Olive branches meant to defeat terrorism -- such as immediate executive orders closing Guantanamo and the abandonment of harsh interrogations -- are merely signs of weakness in the eyes of Al Qaeda. These gestures have not significantly changed world opinion about the United States. The terror group’s rhetoric against President Obama has been intensely personal, as evidenced by Usama bin Laden's deputy Ayman Al-Zawahiri’s egregious comments about his race, while ex-Guantanamo detainees who have surfaced in Yemen as leadership figures on the Arabian Peninsula, presenting fresh challenges to the Obama administration just days after the inauguration, despite the president’s softer terrorism policies.

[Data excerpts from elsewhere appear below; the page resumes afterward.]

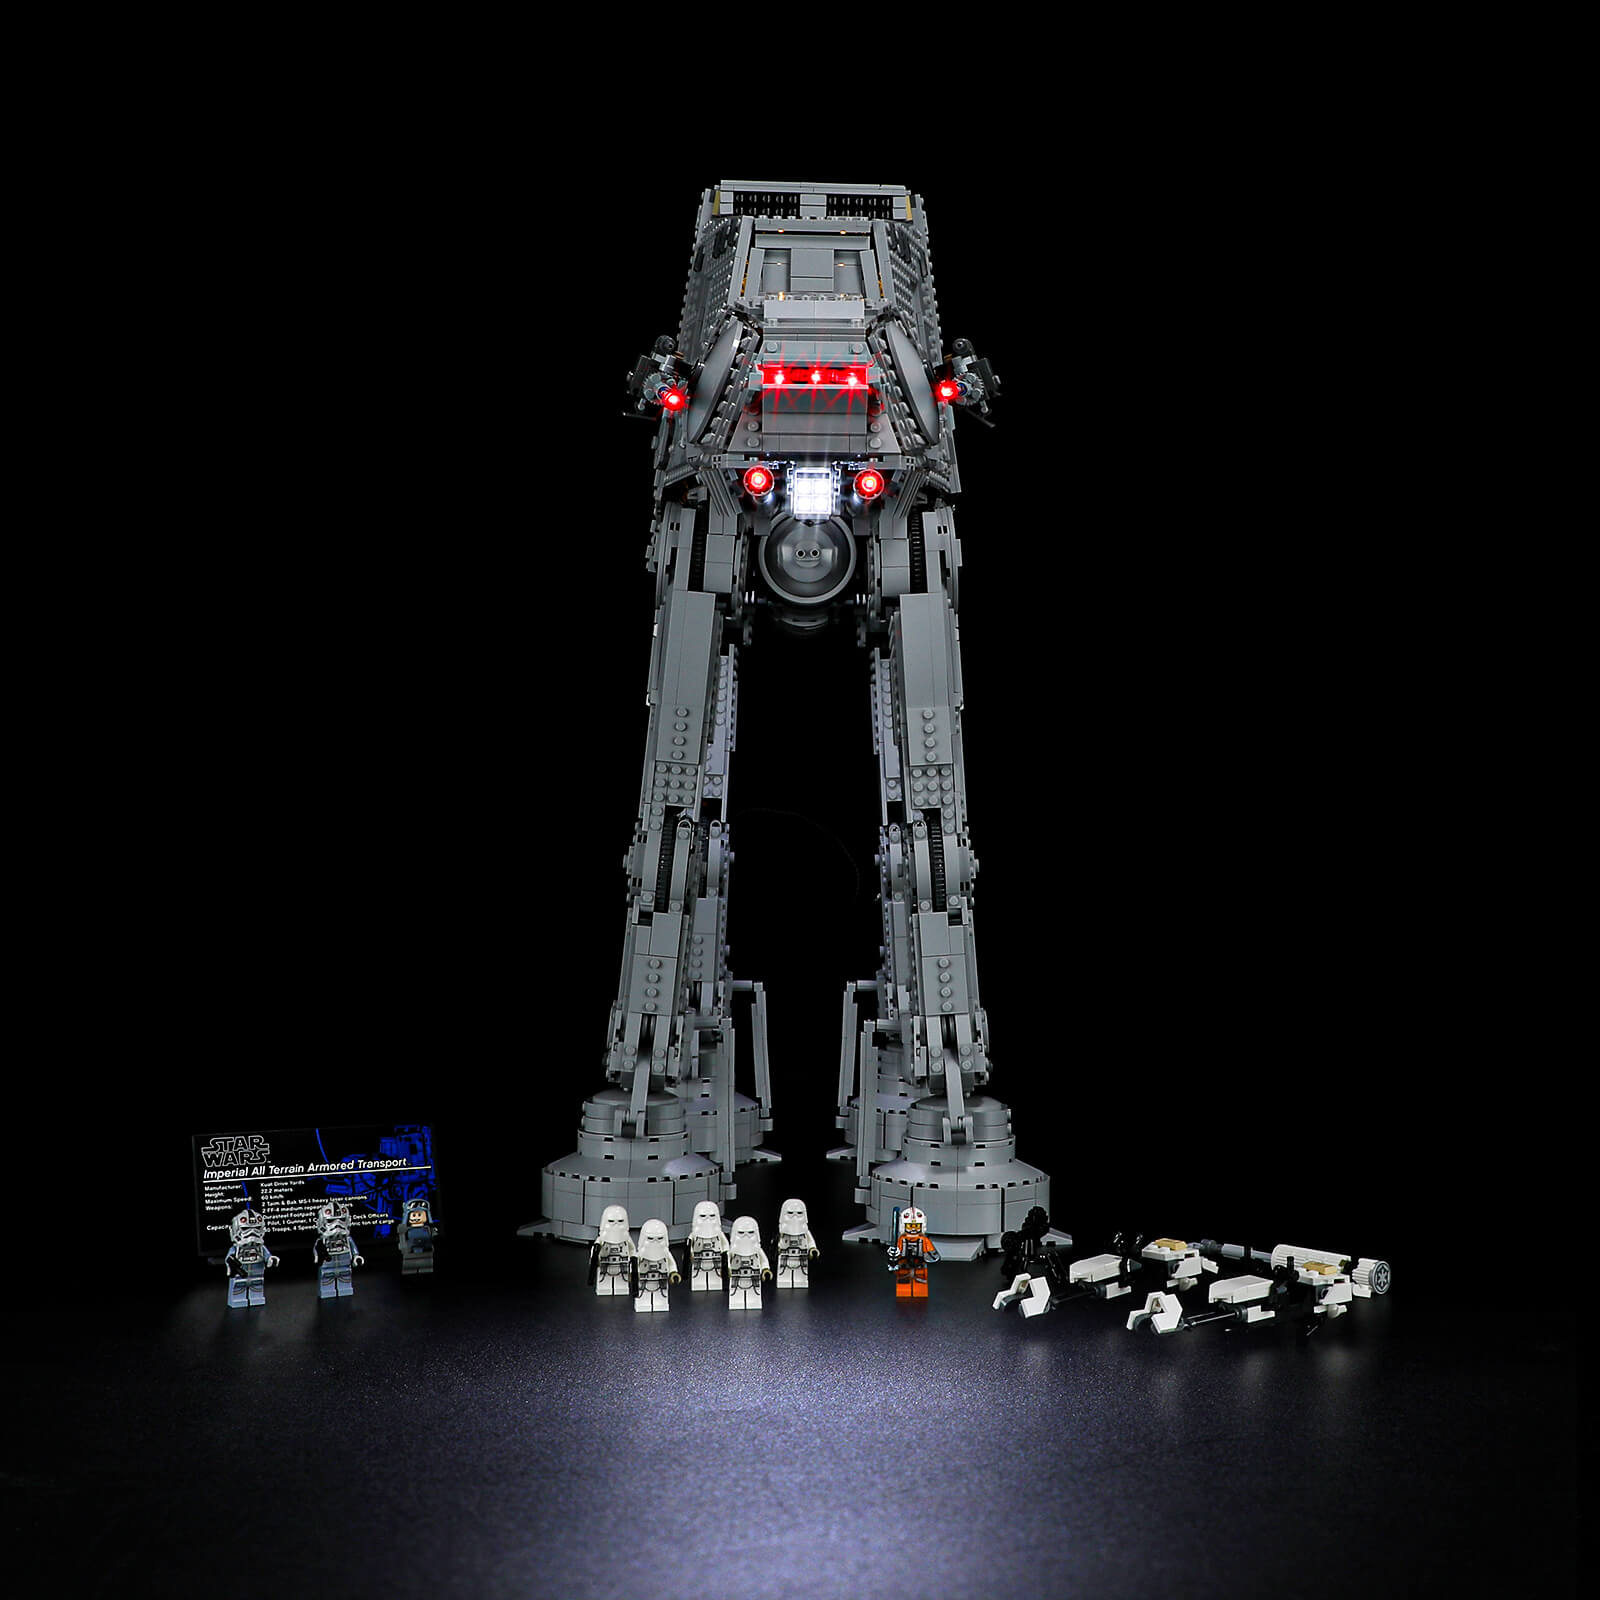  BRIKSMAX Led Lighting Kit for LEGO-75313 at-at - Compatible  with Lego Star Wars Building Blocks Model- Not Include The Lego Set : Toys  & Games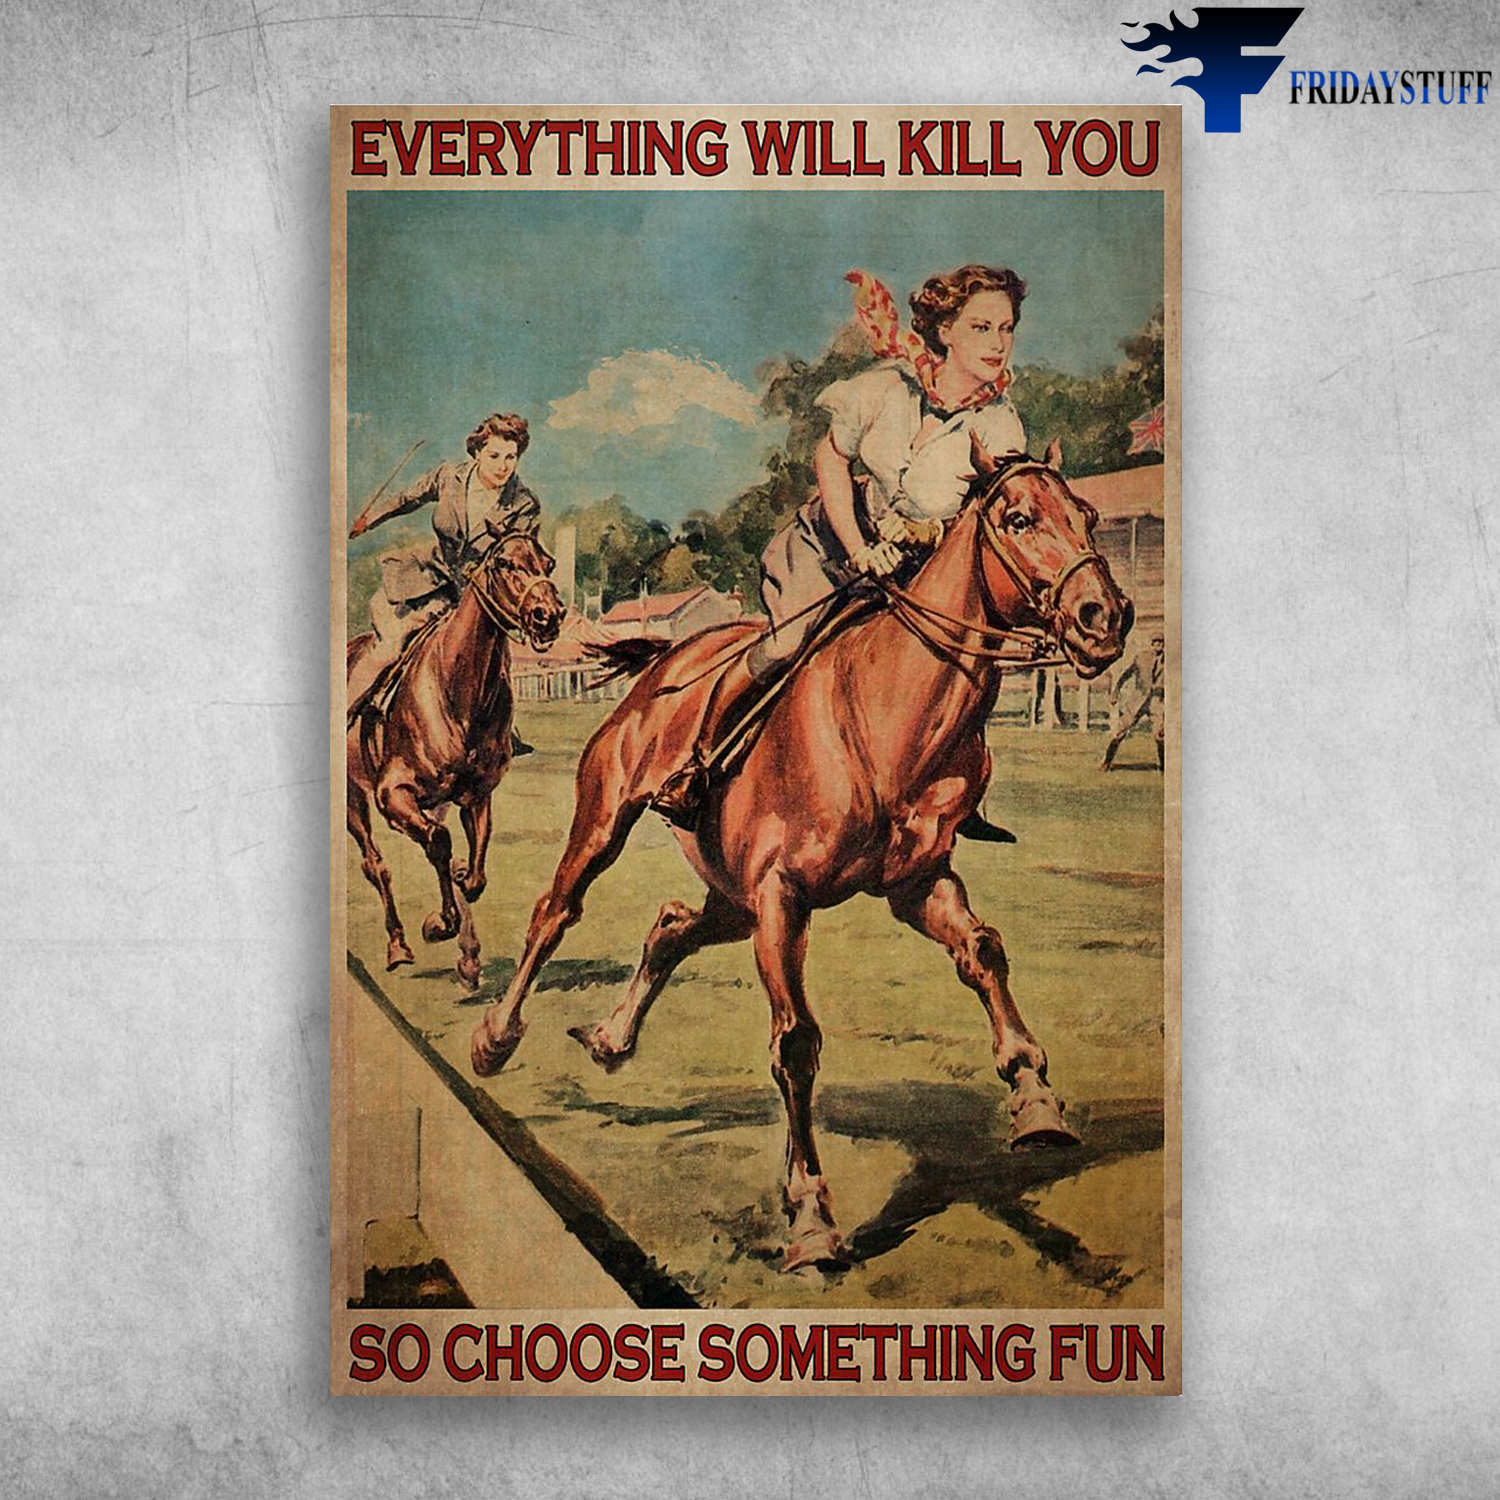 Two Girls Are Riding The Horse - Everything Will Kill You So Choose Something Fun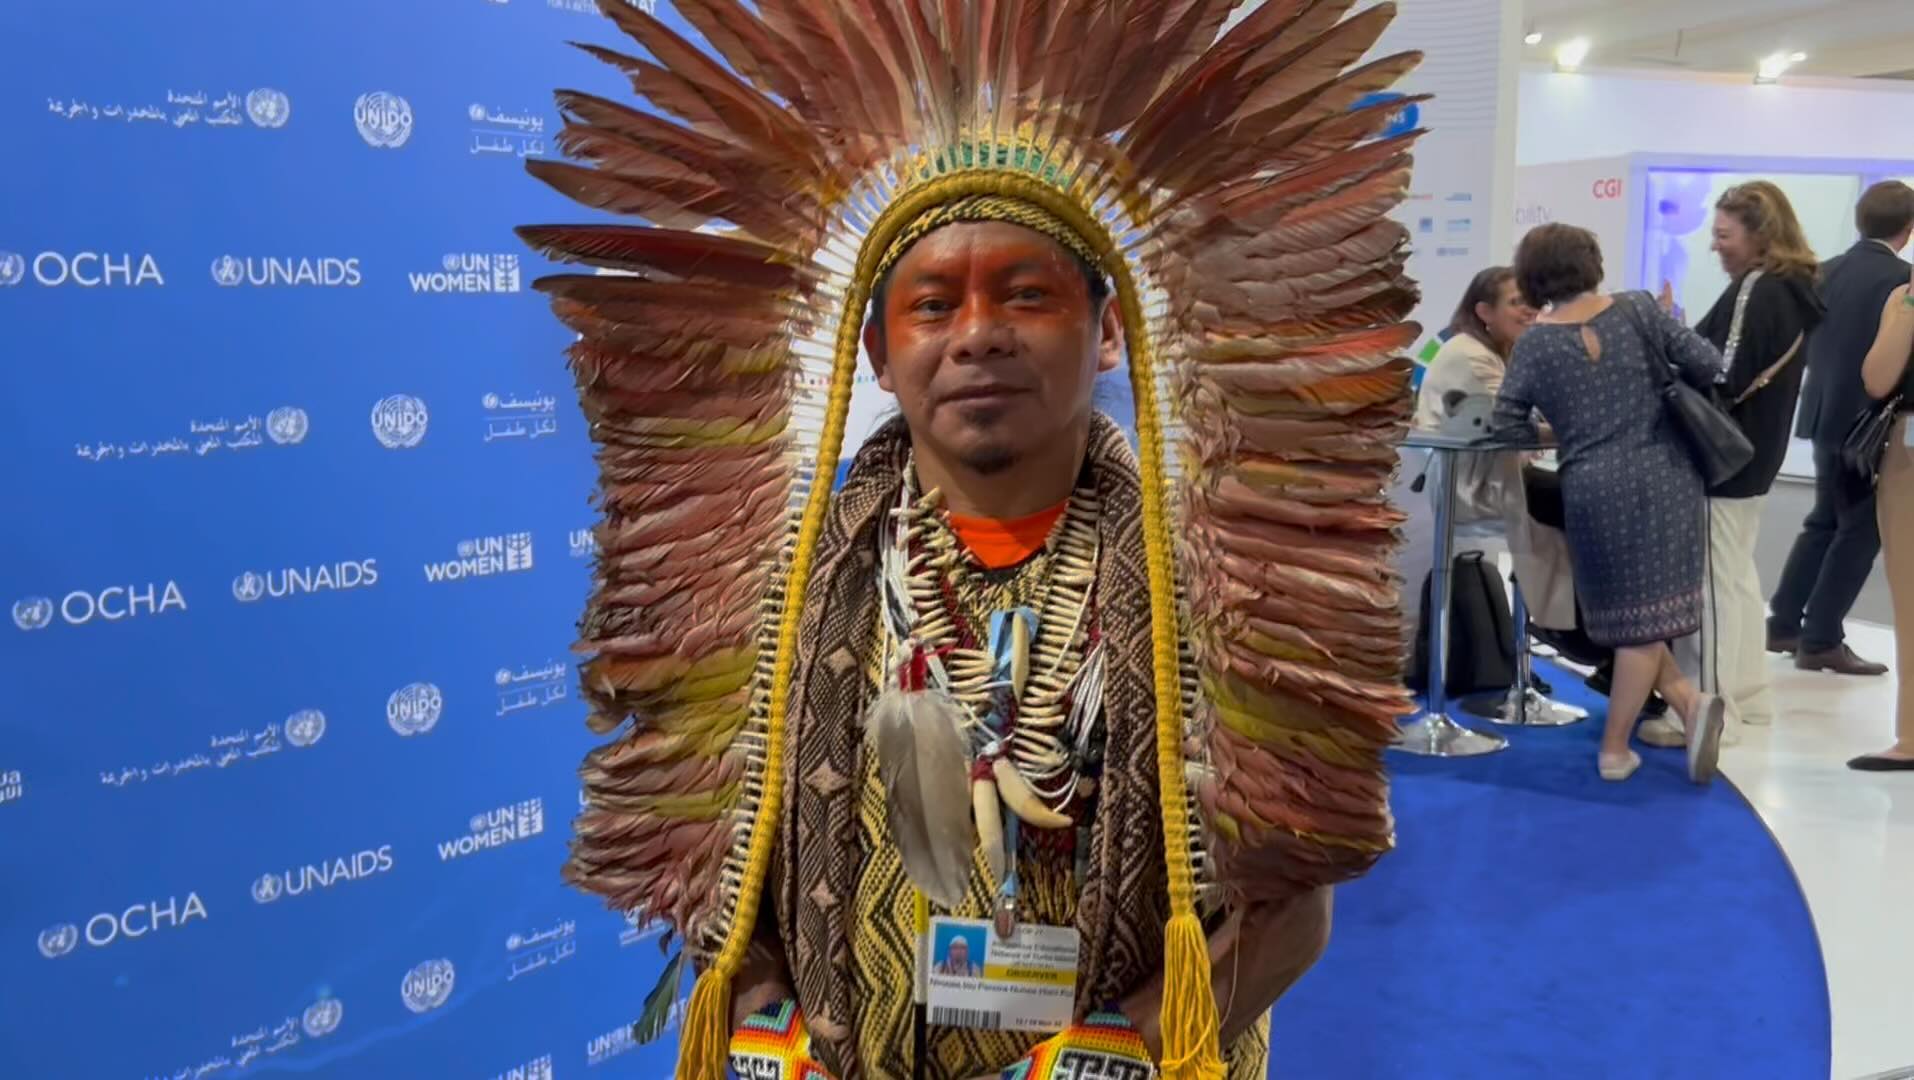 #COP27  - “a trade show where our lives are being negotiated” 

During my free time at #COP27 , I took interview of various young climate activists and environmentalists from various countries to amplify their voices.

Here is one of my interview with an Indigenous leader from Brazil 🇧🇷 fighting to save Amazon forests. 🥰🙏🏻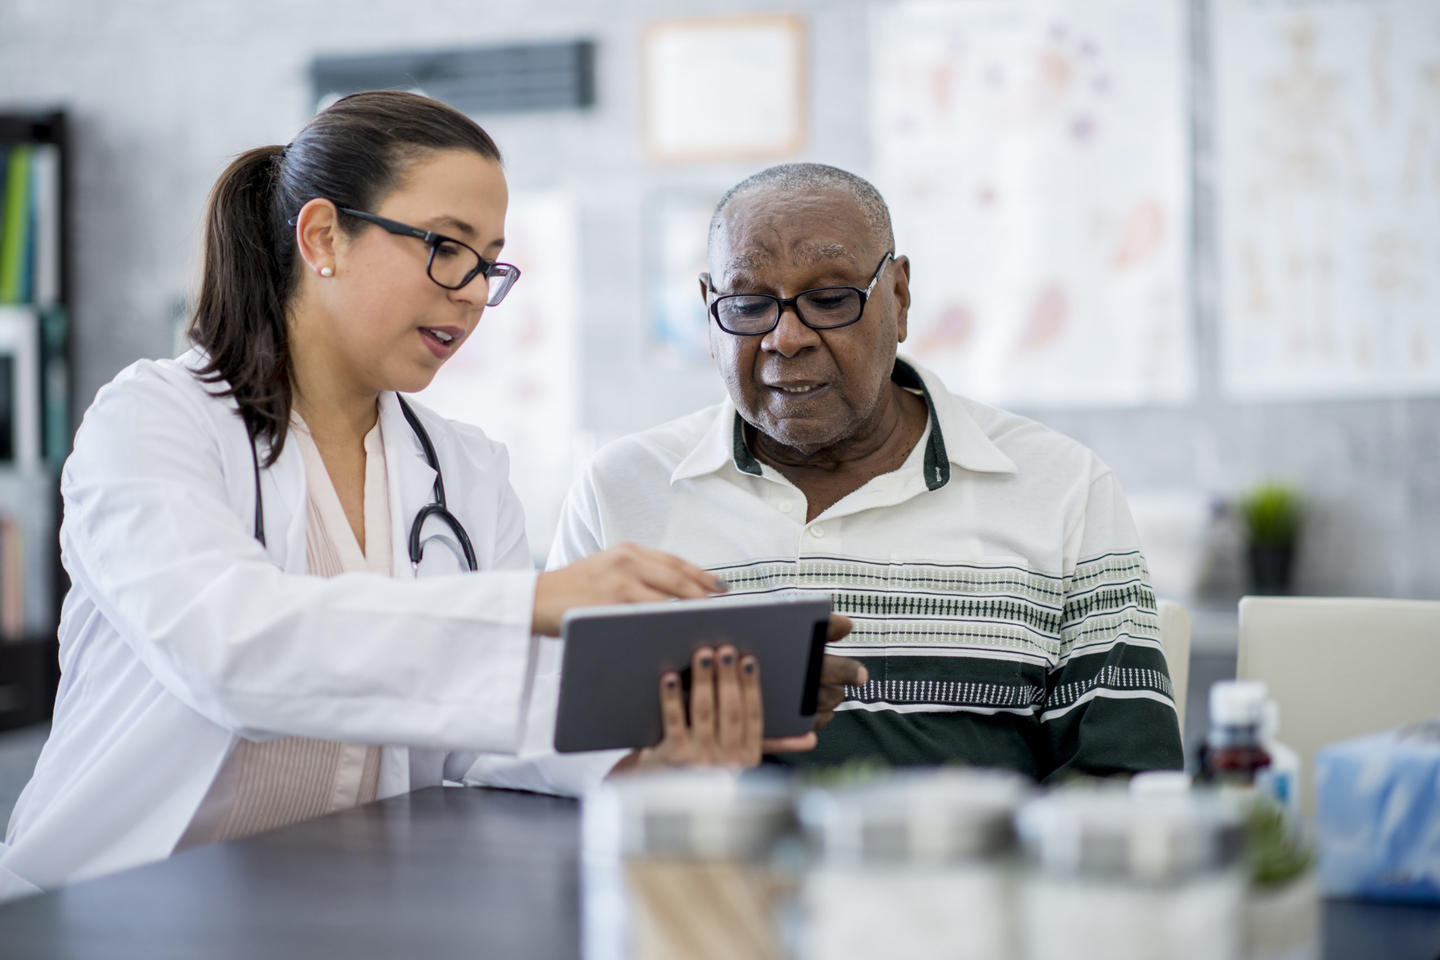 A doctor explains something on a tablet to an older gentleman

• The Recent Increase In the Homegrown Terror Threat.
Homegrown terrorists in the United States have spread rapidly and taken on surprising forms. They have been, literally, the man or woman next door for scores of unsuspecting Americans. Take, for example, the case of Nabjibullah Zazi, a U.S. permanent resident from Afghanistan and Denver airport shuttle service employee who was arrested for plotting attacks on New York City subways; Colleen "Jihad Jane" La Rose and Jamie Paulin-Ramirez, two blond, blue-eyed women who were arrested for plotting online to attend a terrorist training camp; Ramy Zamzam, a Howard University dental student, who remains detained in Pakistan on terrorism charges along with four other Muslim-Americans from the Washington, D.C. area; Sharif Mobley, a NJ power plant employee captured in Yemen as a member of Al Qaeda, and others. The administration’s shift in the public policy debate to favor increased legal protection of detainees and terror suspects has likely not been lost on people like these.
In our discussion, asking “Are We Any Safer?” on March 31, the panel offered grim answers to that question. And the answers served as a sober reminder of how much our security posture has slipped, and how much more vulnerable we've become since January 2009.
J.D. Gordon is a Senior Fellow at the Center for Security Policy. He is a retired Navy Commander who served in the Office of the Secretary of Defense from 2005-2009 as the Pentagon spokesman for the Western Hemisphere.